#### [WHAT TO WORK ON]
Below is a listing. Write out exactly its lines between the one holding "Bear mascot costumes" and the one holding "Hungarian Art Deco Chair in Walnut", inclusive.
=======
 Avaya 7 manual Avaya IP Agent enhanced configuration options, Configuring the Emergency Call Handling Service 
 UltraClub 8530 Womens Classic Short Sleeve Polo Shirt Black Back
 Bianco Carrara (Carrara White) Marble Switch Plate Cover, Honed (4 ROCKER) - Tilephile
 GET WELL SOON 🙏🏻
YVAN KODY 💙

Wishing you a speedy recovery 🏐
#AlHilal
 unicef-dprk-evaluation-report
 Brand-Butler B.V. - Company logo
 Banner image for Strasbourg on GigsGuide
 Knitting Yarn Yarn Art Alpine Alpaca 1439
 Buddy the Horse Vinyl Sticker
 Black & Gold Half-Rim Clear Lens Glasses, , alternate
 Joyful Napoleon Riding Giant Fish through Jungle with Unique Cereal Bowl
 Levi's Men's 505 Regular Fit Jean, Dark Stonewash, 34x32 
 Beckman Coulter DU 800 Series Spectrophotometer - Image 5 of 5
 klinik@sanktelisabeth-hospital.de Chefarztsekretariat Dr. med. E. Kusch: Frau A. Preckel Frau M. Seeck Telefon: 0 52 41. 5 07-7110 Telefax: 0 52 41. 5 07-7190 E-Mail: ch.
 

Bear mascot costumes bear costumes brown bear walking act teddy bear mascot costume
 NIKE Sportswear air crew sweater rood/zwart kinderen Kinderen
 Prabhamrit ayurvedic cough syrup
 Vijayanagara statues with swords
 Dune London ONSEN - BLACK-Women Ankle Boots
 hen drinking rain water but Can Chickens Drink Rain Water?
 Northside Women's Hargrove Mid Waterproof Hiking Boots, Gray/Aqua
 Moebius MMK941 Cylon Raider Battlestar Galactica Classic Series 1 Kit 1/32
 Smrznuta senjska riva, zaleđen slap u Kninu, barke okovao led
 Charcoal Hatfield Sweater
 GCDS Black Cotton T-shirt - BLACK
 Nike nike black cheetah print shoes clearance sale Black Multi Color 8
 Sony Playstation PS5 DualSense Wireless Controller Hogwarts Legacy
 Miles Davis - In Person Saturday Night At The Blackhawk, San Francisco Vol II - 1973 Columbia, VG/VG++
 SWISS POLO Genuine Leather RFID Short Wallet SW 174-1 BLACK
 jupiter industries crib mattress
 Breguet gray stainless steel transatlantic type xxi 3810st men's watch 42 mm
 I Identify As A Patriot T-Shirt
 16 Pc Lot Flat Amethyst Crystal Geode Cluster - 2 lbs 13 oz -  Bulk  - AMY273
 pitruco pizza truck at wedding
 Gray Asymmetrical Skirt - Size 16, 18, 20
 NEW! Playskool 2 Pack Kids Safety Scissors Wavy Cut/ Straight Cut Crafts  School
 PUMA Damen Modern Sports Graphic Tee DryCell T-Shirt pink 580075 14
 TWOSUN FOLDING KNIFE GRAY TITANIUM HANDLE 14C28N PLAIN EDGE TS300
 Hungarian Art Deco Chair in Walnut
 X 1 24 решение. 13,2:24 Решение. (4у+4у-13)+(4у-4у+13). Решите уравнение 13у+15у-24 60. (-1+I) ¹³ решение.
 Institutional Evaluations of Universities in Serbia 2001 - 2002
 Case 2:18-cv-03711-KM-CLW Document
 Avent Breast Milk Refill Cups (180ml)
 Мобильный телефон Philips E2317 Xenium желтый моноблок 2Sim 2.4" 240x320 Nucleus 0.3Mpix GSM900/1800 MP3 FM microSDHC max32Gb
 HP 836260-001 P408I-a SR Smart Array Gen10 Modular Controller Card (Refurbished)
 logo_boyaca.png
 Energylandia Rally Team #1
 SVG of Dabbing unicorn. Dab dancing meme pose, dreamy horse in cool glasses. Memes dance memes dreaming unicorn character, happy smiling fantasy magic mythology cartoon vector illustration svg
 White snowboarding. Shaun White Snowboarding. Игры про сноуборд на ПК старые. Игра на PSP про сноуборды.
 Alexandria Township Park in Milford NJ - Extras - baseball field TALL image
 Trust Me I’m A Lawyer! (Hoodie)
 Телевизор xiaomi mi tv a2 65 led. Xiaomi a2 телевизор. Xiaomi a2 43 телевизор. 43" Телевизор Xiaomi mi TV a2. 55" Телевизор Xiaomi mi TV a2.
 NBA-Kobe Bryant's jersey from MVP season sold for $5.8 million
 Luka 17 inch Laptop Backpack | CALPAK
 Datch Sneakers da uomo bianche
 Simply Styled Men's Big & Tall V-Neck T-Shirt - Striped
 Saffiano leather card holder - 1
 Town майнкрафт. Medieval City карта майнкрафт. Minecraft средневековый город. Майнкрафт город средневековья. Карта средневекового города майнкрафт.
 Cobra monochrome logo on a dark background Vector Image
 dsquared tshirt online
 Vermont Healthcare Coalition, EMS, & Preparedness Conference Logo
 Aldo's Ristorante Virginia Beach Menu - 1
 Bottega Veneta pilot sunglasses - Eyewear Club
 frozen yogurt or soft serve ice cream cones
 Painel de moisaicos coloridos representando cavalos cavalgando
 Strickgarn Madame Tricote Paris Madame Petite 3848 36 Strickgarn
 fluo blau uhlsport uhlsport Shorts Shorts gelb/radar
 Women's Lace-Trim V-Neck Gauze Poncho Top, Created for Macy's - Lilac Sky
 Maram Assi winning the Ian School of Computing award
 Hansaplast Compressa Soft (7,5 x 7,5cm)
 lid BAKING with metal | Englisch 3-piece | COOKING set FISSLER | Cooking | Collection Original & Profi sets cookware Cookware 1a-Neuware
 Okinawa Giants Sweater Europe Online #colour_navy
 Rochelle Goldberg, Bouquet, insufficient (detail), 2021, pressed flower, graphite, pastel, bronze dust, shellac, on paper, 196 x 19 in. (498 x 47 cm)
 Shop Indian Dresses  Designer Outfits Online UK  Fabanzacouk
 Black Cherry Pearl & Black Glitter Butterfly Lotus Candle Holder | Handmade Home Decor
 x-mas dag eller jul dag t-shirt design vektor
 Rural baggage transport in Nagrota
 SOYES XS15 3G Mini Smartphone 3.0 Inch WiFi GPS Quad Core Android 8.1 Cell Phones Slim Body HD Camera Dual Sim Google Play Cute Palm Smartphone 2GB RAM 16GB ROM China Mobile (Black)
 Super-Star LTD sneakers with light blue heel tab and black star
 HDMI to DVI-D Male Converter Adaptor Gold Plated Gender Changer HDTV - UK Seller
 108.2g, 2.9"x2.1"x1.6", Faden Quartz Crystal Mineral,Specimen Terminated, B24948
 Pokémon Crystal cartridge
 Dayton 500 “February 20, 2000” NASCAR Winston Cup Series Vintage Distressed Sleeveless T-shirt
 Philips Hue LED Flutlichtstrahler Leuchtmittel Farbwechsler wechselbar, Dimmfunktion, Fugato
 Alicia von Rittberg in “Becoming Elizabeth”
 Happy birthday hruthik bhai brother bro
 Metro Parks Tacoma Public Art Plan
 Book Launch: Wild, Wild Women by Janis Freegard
=======
#### [FINISHED EXERCISE]
Bear mascot costumes bear costumes brown bear walking act teddy bear mascot costume
 NIKE Sportswear air crew sweater rood/zwart kinderen Kinderen
 Prabhamrit ayurvedic cough syrup
 Vijayanagara statues with swords
 Dune London ONSEN - BLACK-Women Ankle Boots
 hen drinking rain water but Can Chickens Drink Rain Water?
 Northside Women's Hargrove Mid Waterproof Hiking Boots, Gray/Aqua
 Moebius MMK941 Cylon Raider Battlestar Galactica Classic Series 1 Kit 1/32
 Smrznuta senjska riva, zaleđen slap u Kninu, barke okovao led
 Charcoal Hatfield Sweater
 GCDS Black Cotton T-shirt - BLACK
 Nike nike black cheetah print shoes clearance sale Black Multi Color 8
 Sony Playstation PS5 DualSense Wireless Controller Hogwarts Legacy
 Miles Davis - In Person Saturday Night At The Blackhawk, San Francisco Vol II - 1973 Columbia, VG/VG++
 SWISS POLO Genuine Leather RFID Short Wallet SW 174-1 BLACK
 jupiter industries crib mattress
 Breguet gray stainless steel transatlantic type xxi 3810st men's watch 42 mm
 I Identify As A Patriot T-Shirt
 16 Pc Lot Flat Amethyst Crystal Geode Cluster - 2 lbs 13 oz -  Bulk  - AMY273
 pitruco pizza truck at wedding
 Gray Asymmetrical Skirt - Size 16, 18, 20
 NEW! Playskool 2 Pack Kids Safety Scissors Wavy Cut/ Straight Cut Crafts  School
 PUMA Damen Modern Sports Graphic Tee DryCell T-Shirt pink 580075 14
 TWOSUN FOLDING KNIFE GRAY TITANIUM HANDLE 14C28N PLAIN EDGE TS300
 Hungarian Art Deco Chair in Walnut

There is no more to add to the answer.